The most expensive part of a website is building the wrong thing, and that’s followed closely by changing your mind. Both scenarios require budget-blowing, unanticipated, frustrating rework. You need a great plan in place so you don’t build the wrong thing and so stakeholders don’t change their minds (more on this next).

The first step to an effective plan is research. You must uncover what your users want and what your business needs from your website. Proper research will lead you to the problem(s) your website needs to solve.

Once you’ve identified the problem, set objectives so you can measure how well you’re solving said problem. Your great website plan is then comprised of the steps you’ll take to solve the problem and reach your objectives.

Obtain Stakeholder Buy-In

The plan you document needs to clearly define what you’ll be creating, what you won’t be creating — and why. Get buy-in from your entire team on this plan ASAP, especially from senior stakeholders in all relevant departments.

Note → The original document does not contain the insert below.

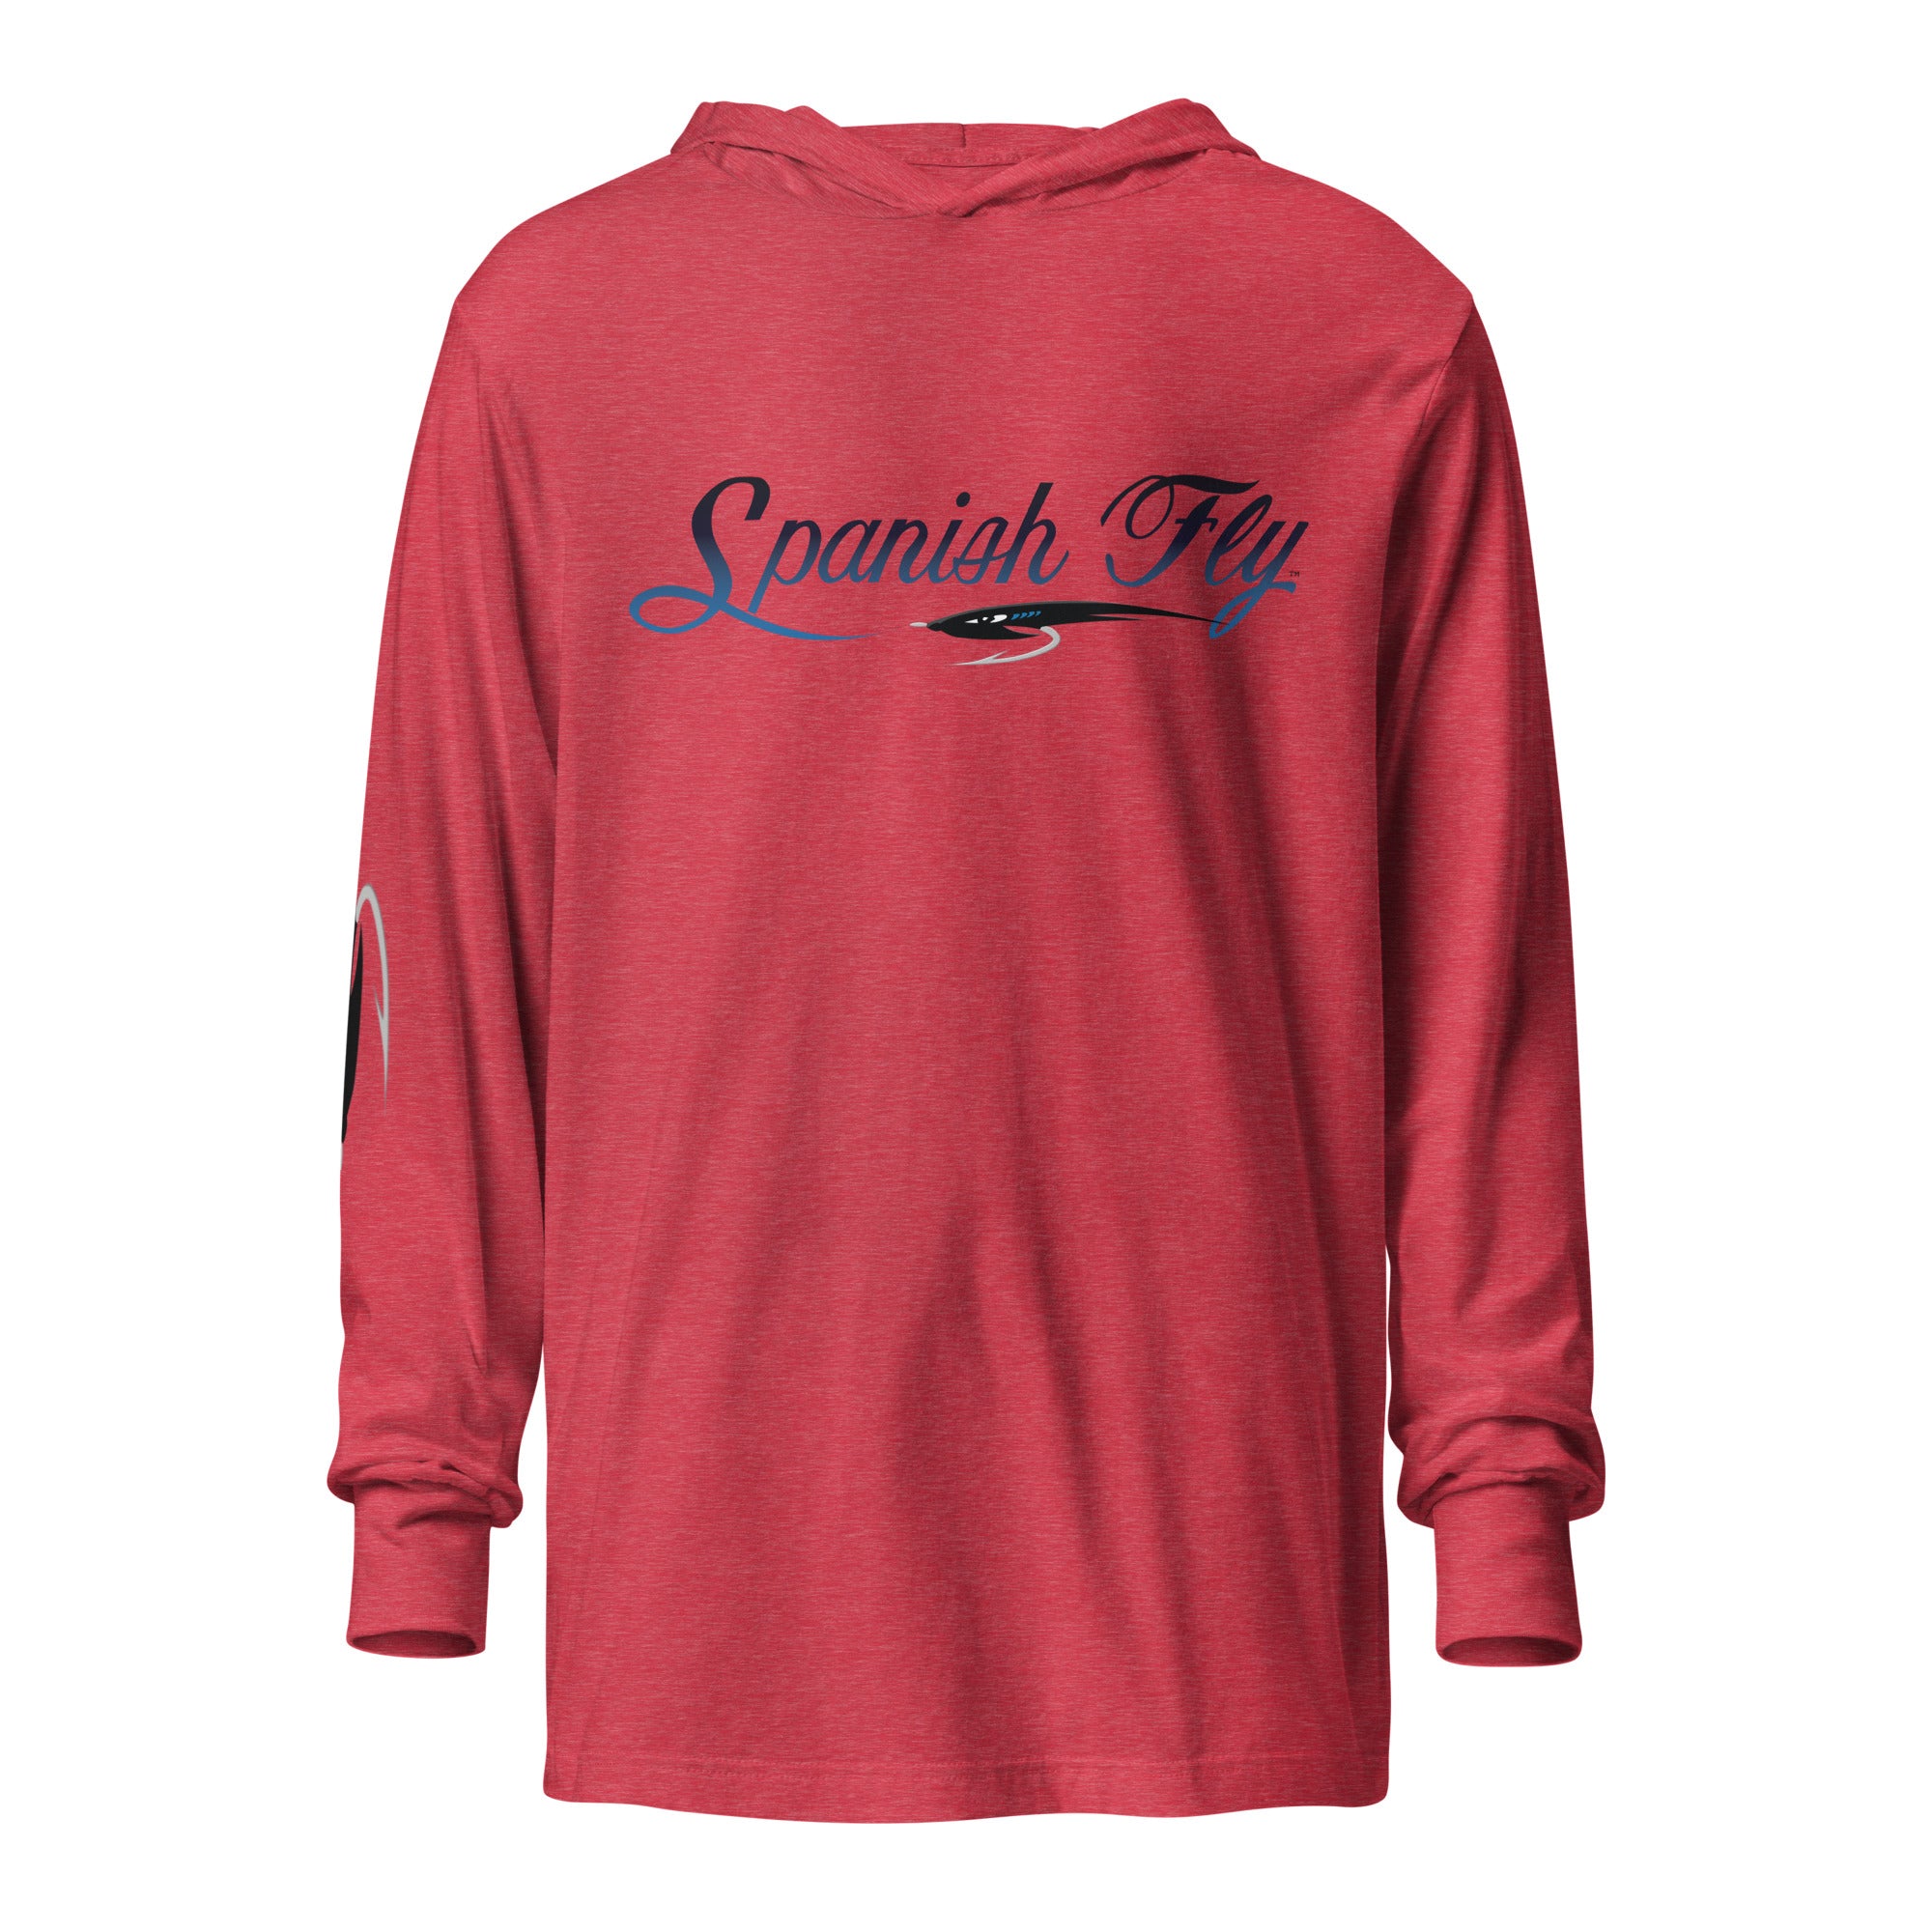 unisex-hooded-long-sleeve-tee-heather-red-front-653fd5a45144a.jpg

Remember, a website is so much more than a marketing or sales tool. It’s what you’ll use to recruit new hires, attract investors, and, yes, convert leads. Your new site plan will need approval from HR, finance, and other stakeholders. Otherwise, you’ll run the risk of alienating these departments, potentially stifling your progress. For example, HR is unlikely to approve of whatever you deem acceptable as a recruitment section on your site if you don’t ask first.

Ensuring your stakeholders understand the “why” behind each feature and aspect on your website is also crucial. If a developer, for instance, doesn’t know the background behind why he’s building a certain feature, he’ll feel free to go in any direction he pleases. He’ll make assumptions. Context gives everyone the information they need to do their parts as effectively as possible, helping you reach your objectives and bypass unwanted surprises.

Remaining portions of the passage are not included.